Furthest distance cycled in a month: 2461km/1529miles (USA, Sept 2017)

Furthest distance cycled in a week: 699km/434miles (China, December 2015)

I was surprised China won the award for most miles cycled in a week. I was riding through the edge of the Gobi desert that December and although the days were short I remember putting in the big mileage simply because it was desolate, empty and the was nothing else to do. I always felt like there was deadline, despite how free I was on the road. Perhaps we are never completely free, and my great nemesis over the last three years has been the changing seasons. I was in a rush that winter in China because I wanted to get over the Tibetan Plateau before the cold caught me (I didn’t make it) and I was in a hurry this autumn in America because I wanted to reach Iceland before winter. Once again, I didn’t make. In fact, I’m not sure I got any of my seasons right on this tour…

Nevada, USA 2017

Highest elevation: 4,708m/15,445ft above sea level (China, January 2016)

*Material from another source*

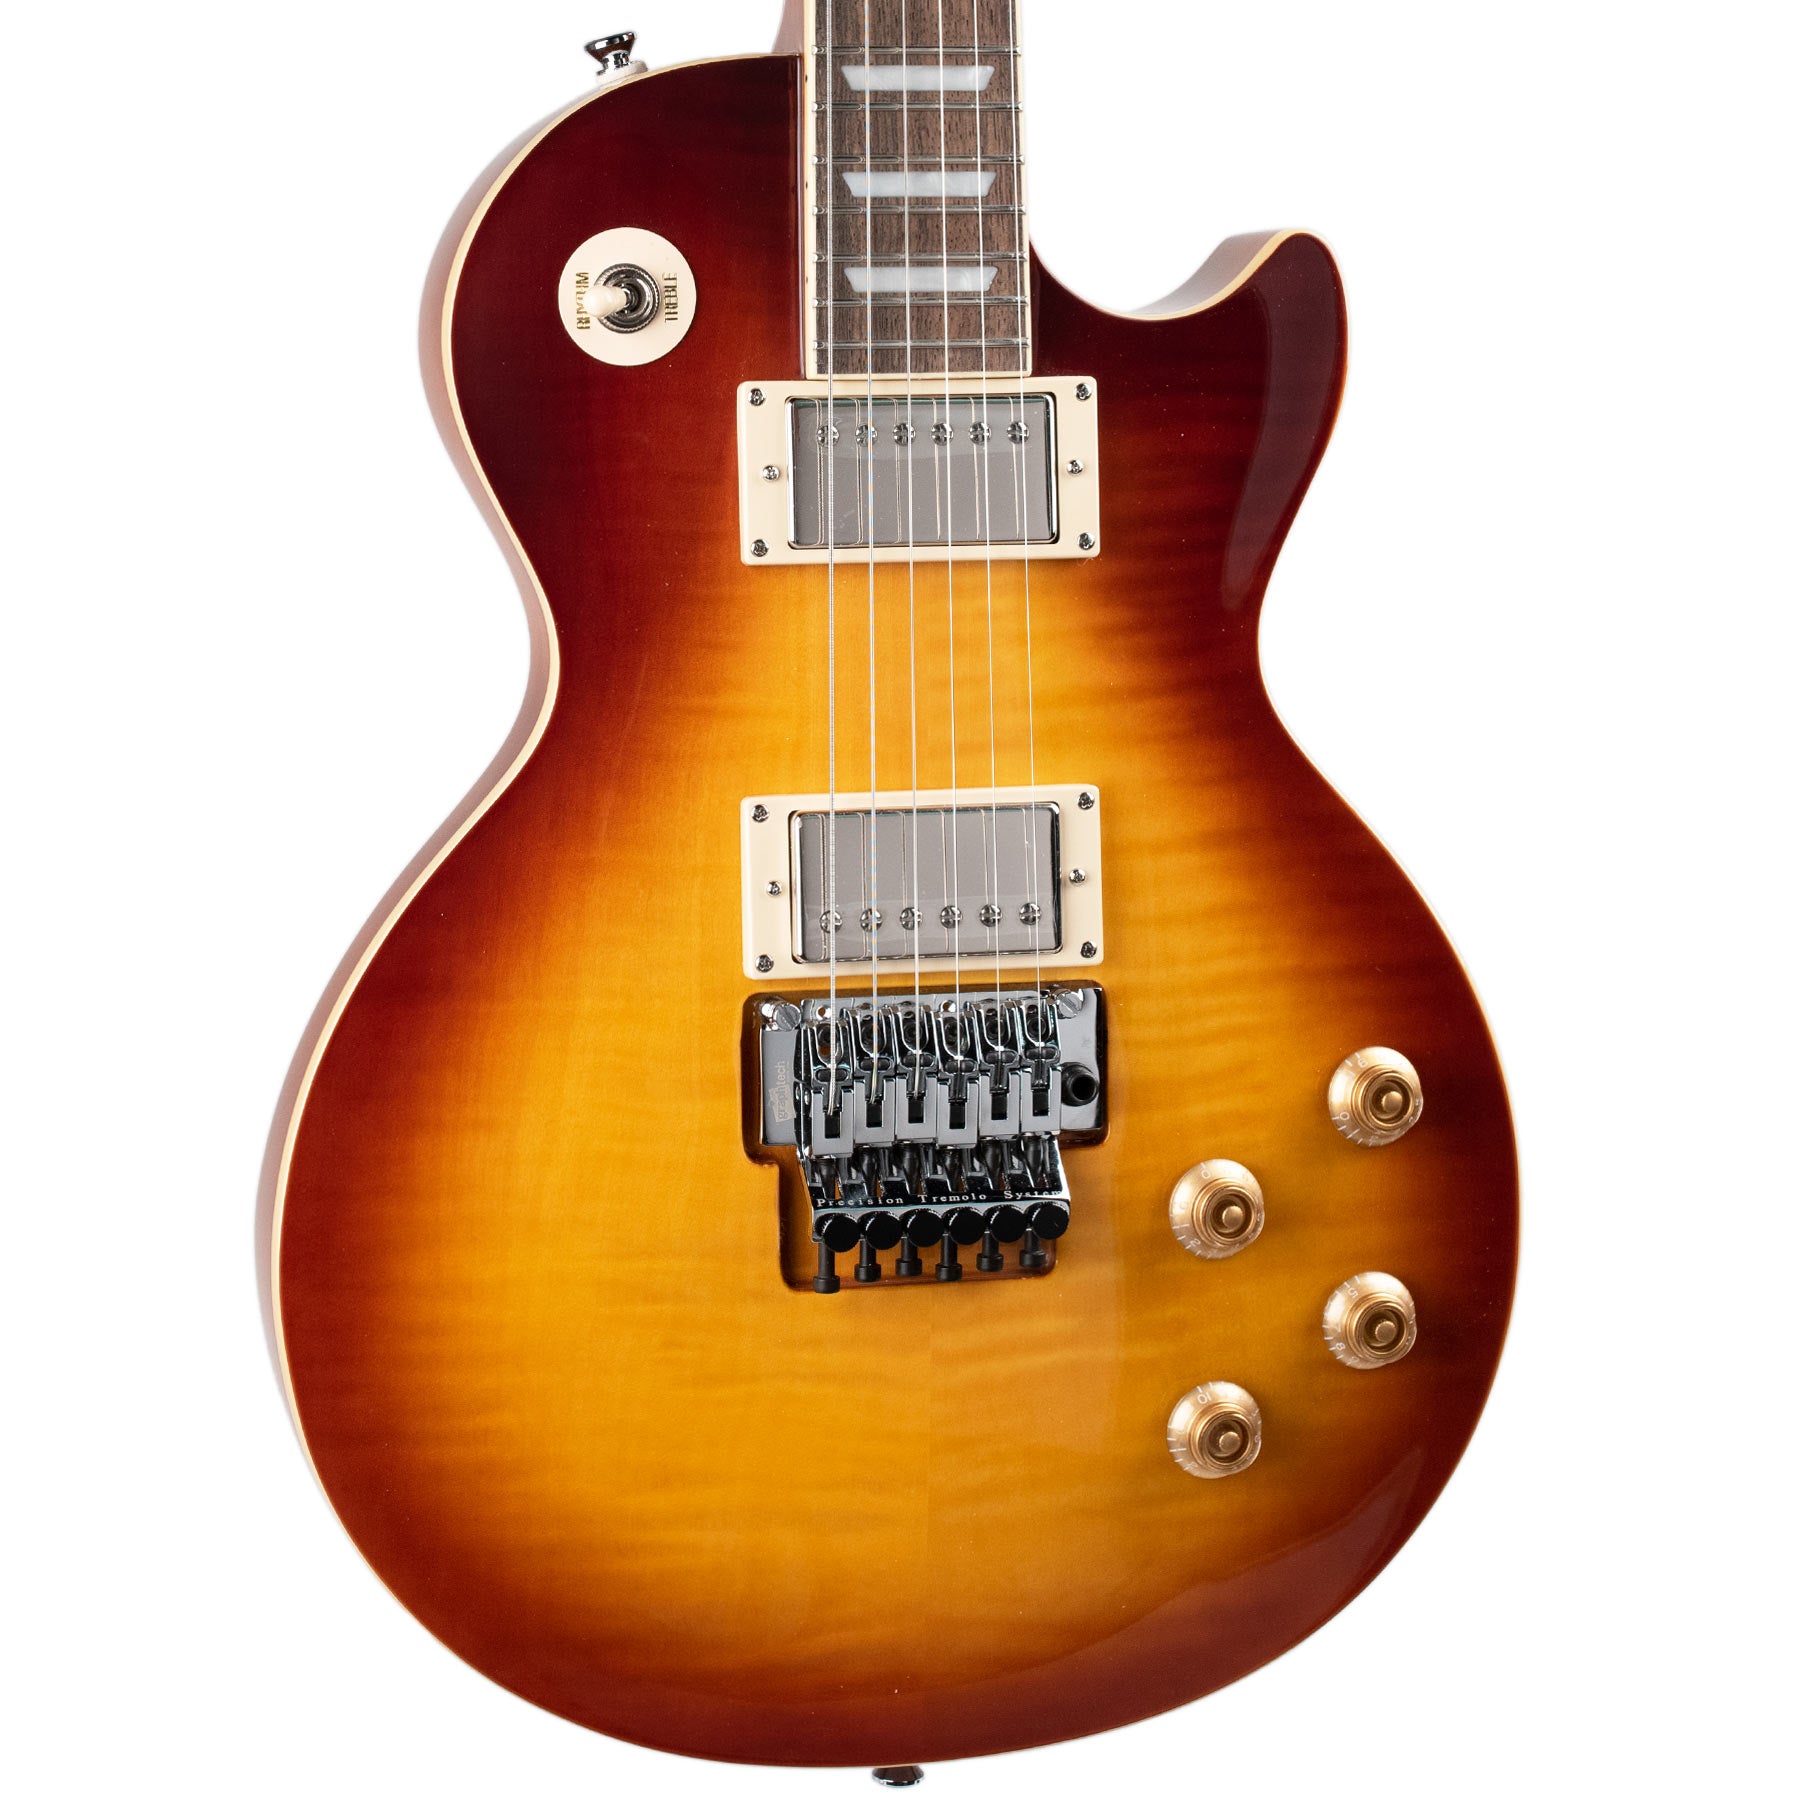 EPIPHONE ALEX LIFESON SIGNATURE LES PAUL AXCESS OUTFIT - VICEROY BROWN

Lowest elevation: 42m/138ft below sea level (China, November 2015)

Two awards for China here, with both the highest and lowest points of my trip. The Turpan Depression – through which I cycled – claims to have the world’s fourth lowest exposed point. In summer it is hot and dry but when I pedalled through in winter of 2015 it was freezing cold.

Rabbit Pass 4,696m above sea level – the second highest pass of my trip in China, January 2016

For a Brit, the altitudes up above 4,000m are hard to comprehend. The highest point in the UK, Ben Nevis, is a feeble 1,344m in comparison. I did two sections of high-altitude cycling: the first was in Tajikistan up in the Pamirs and the second was in China around the fringes of the Tibetan Plateau. By the time I reached the highest point of my tour at Kuluke Pass 4,708m ASL I was used to the lack of oxygen. It was always a weird sensation to feel out of breath all the time and I always found it hard to sleep well more than 4,500m above sea level.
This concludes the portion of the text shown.